Task goal ▸
No pictures in the copy. Write out the listing below exactly.

Information supplied ▸
--------
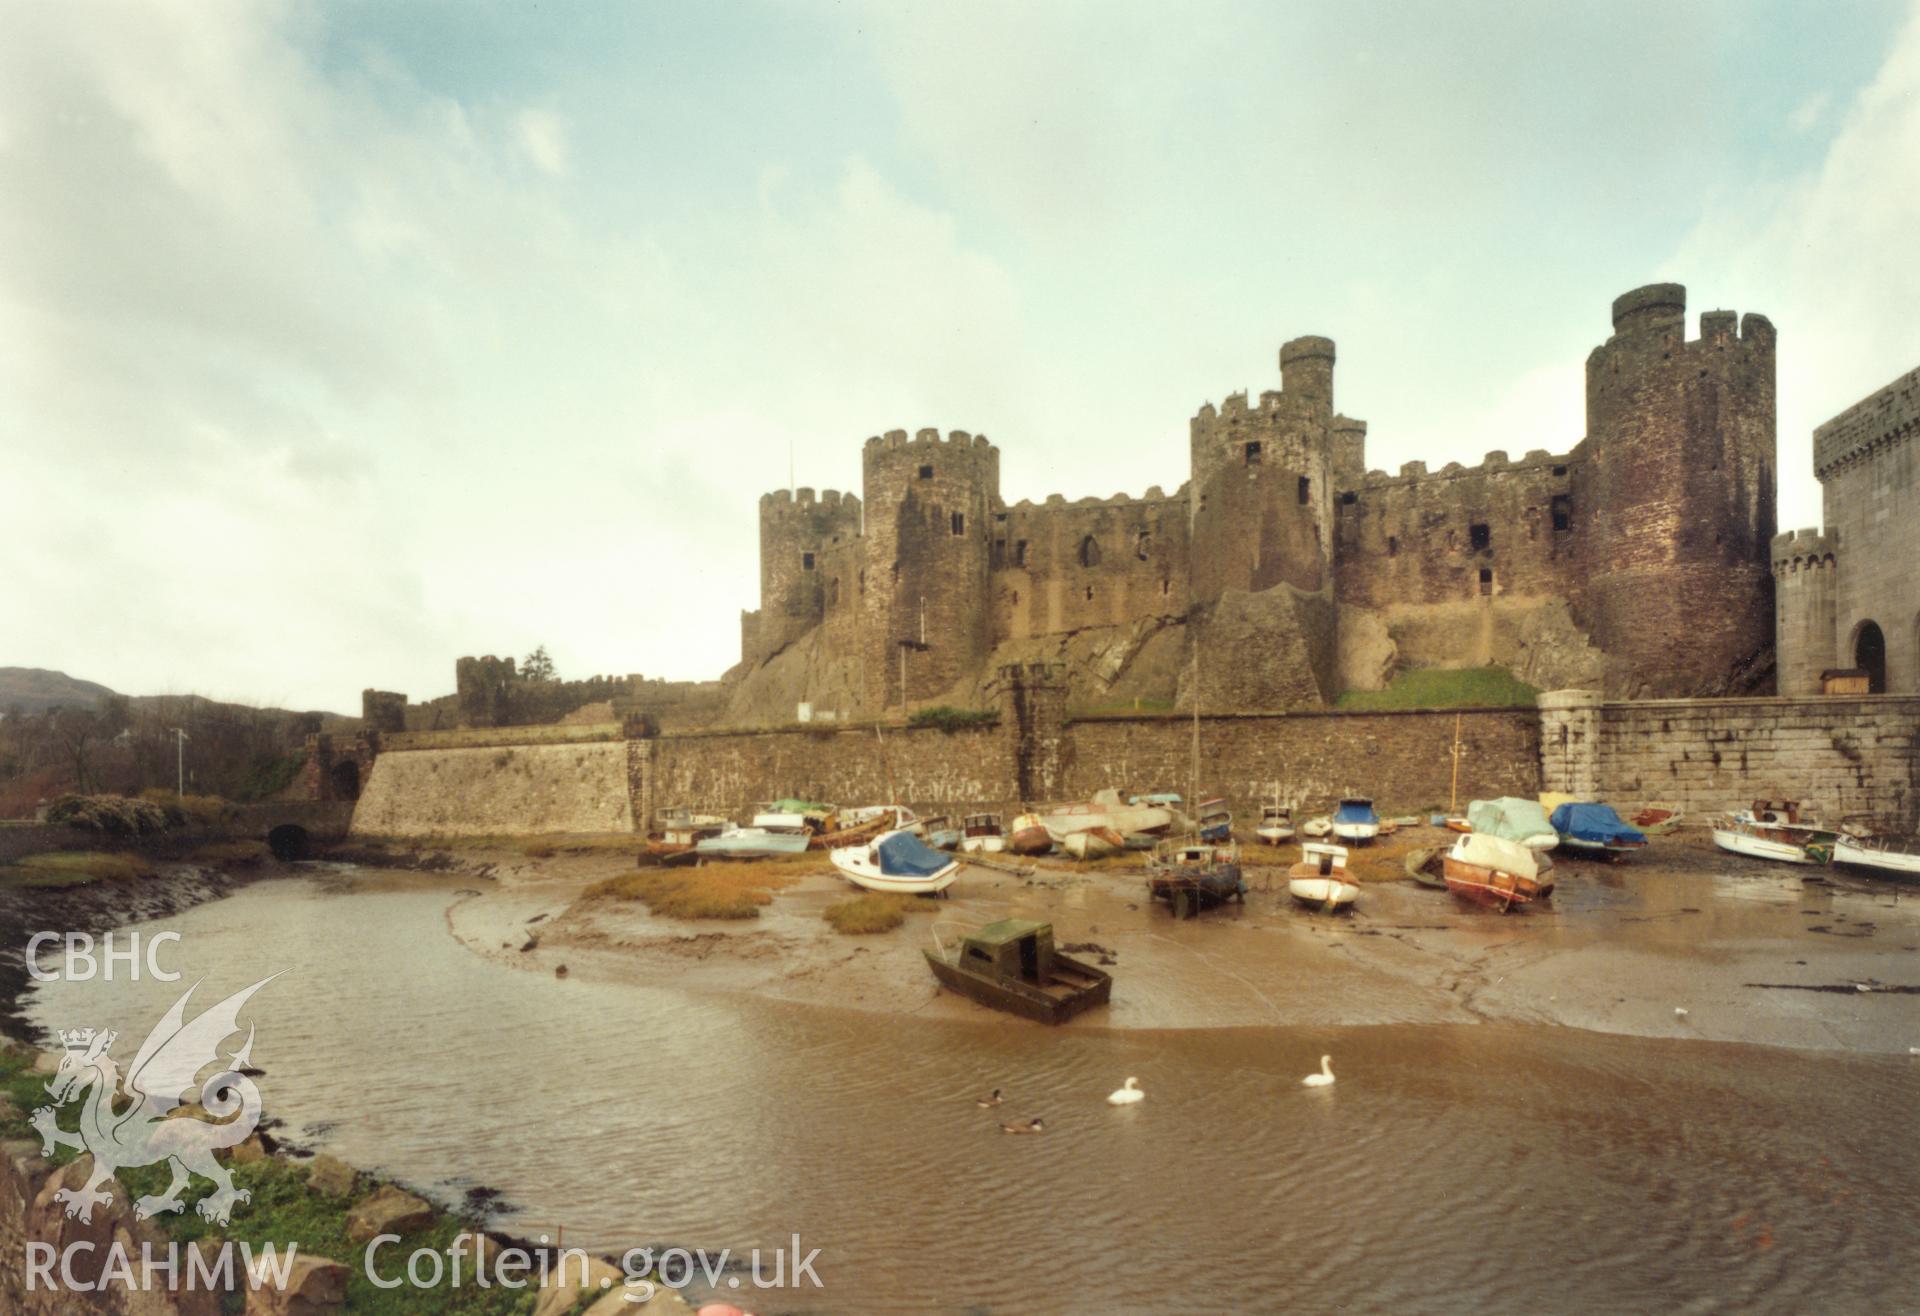 1 of a set of 27 colour prints: print showing view of Conwy castle and boats, collated by the former Central Office of Information.
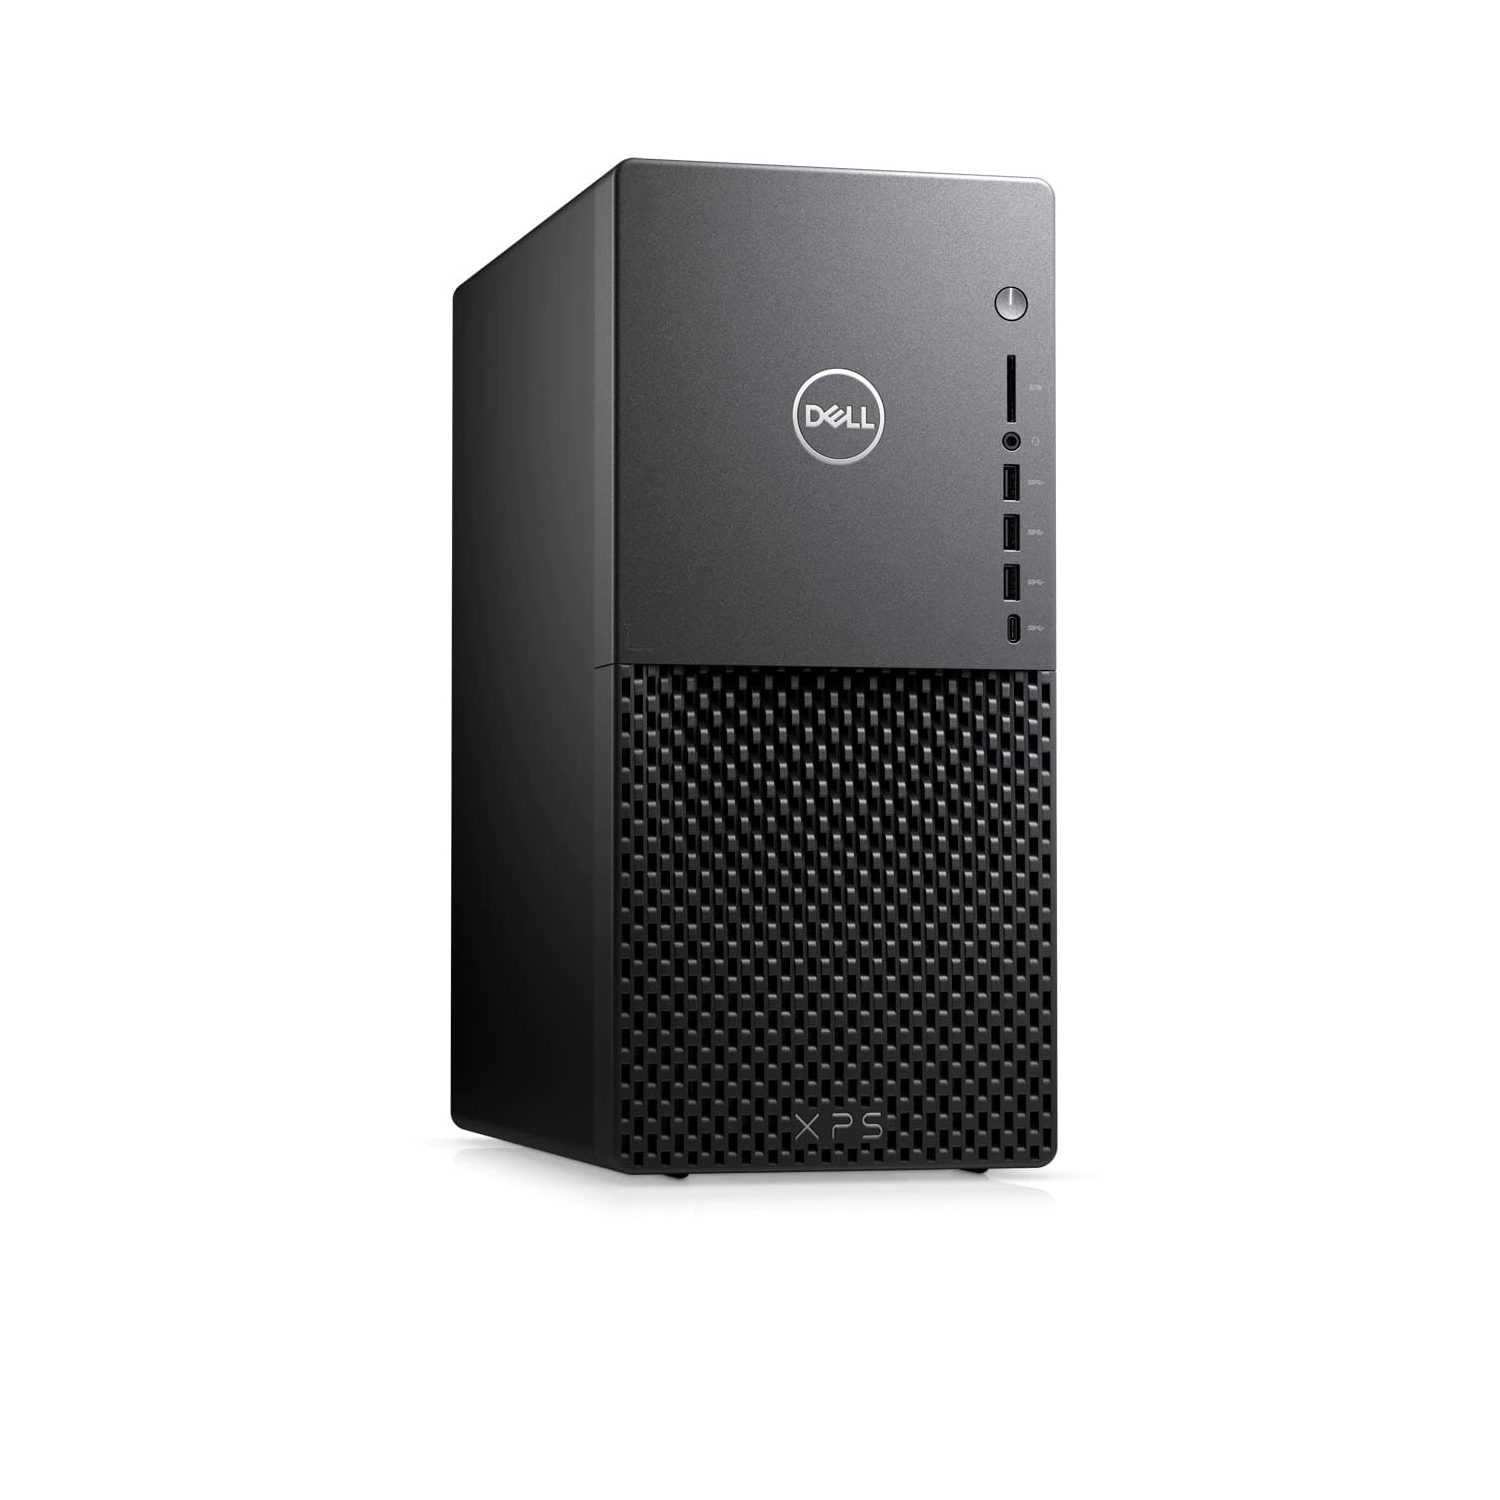 Refurbished (Excellent) - Dell XPS 8940 Desktop (2020) | Core i7 - 1TB SSD + 1TB HDD - 16GB RAM - RTX 3070 | 8 Cores @ 4.8 GHz - 10th Gen CPU Certified Refurbished
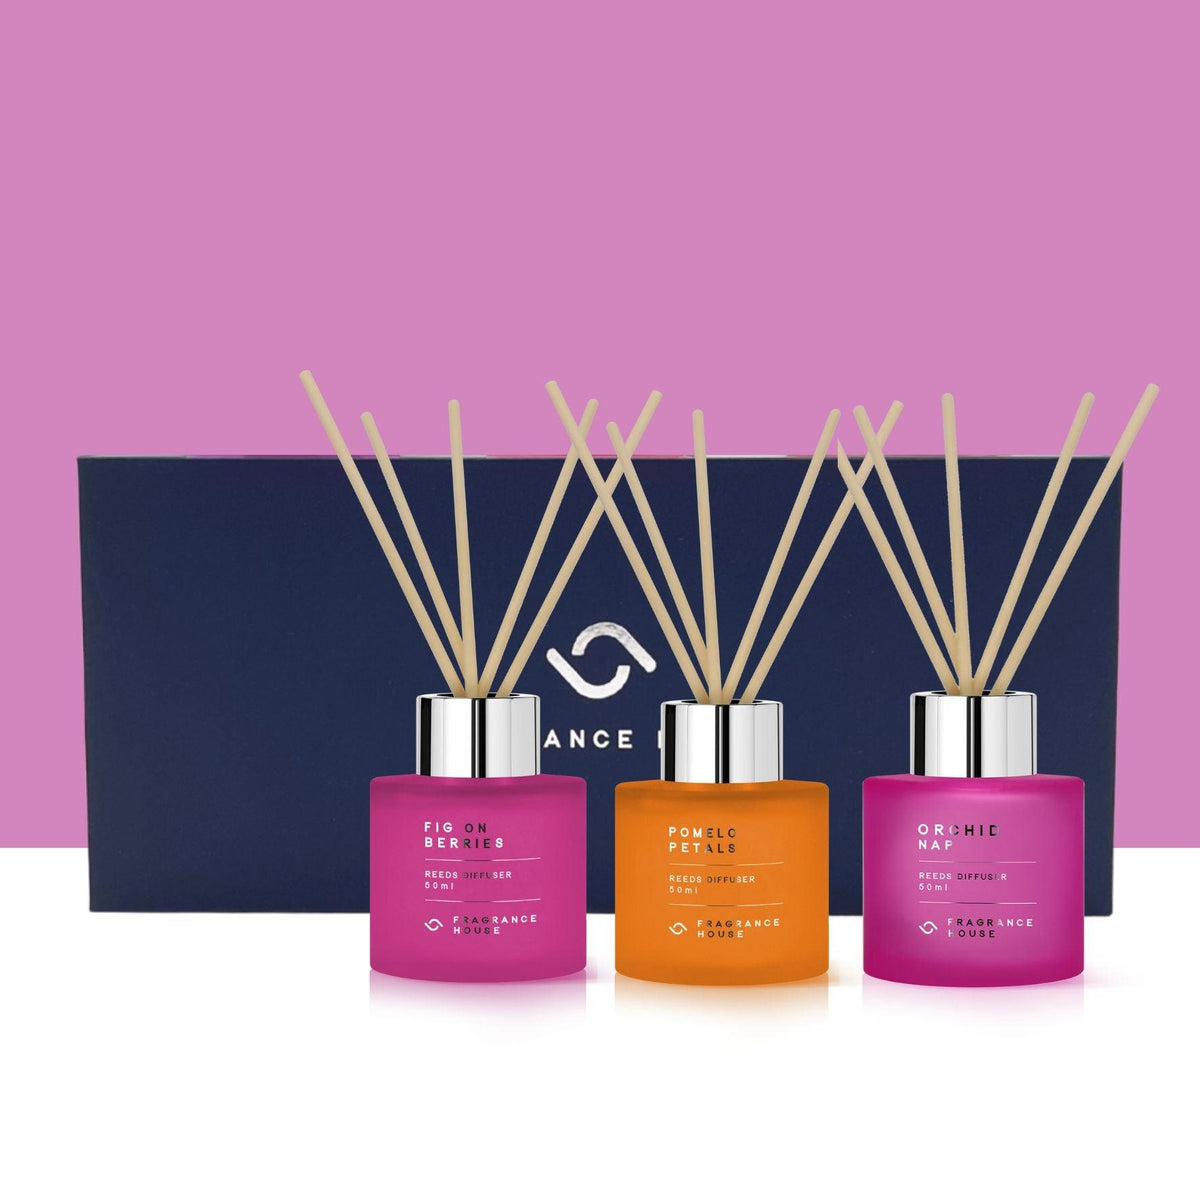 【Gift Set 50ml Diffuser Set (With gift box) - FIG ON BERRIES | POMELO PETALS | ORCHID NAP】 - Fragrance House HK
--------
Answer section ▸
 1 of a set of 27 colour prints: print showing view of Conwy castle and boats, collated by the former Central Office of Information.
 Refurbished (Excellent) - Dell XPS 8940 Desktop (2020) | Core i7 - 1TB SSD + 1TB HDD - 16GB RAM - RTX 3070 | 8 Cores @ 4.8 GHz - 10th Gen CPU Certified Refurbished
 【Gift Set 50ml Diffuser Set (With gift box) - FIG ON BERRIES | POMELO PETALS | ORCHID NAP】 - Fragrance House HK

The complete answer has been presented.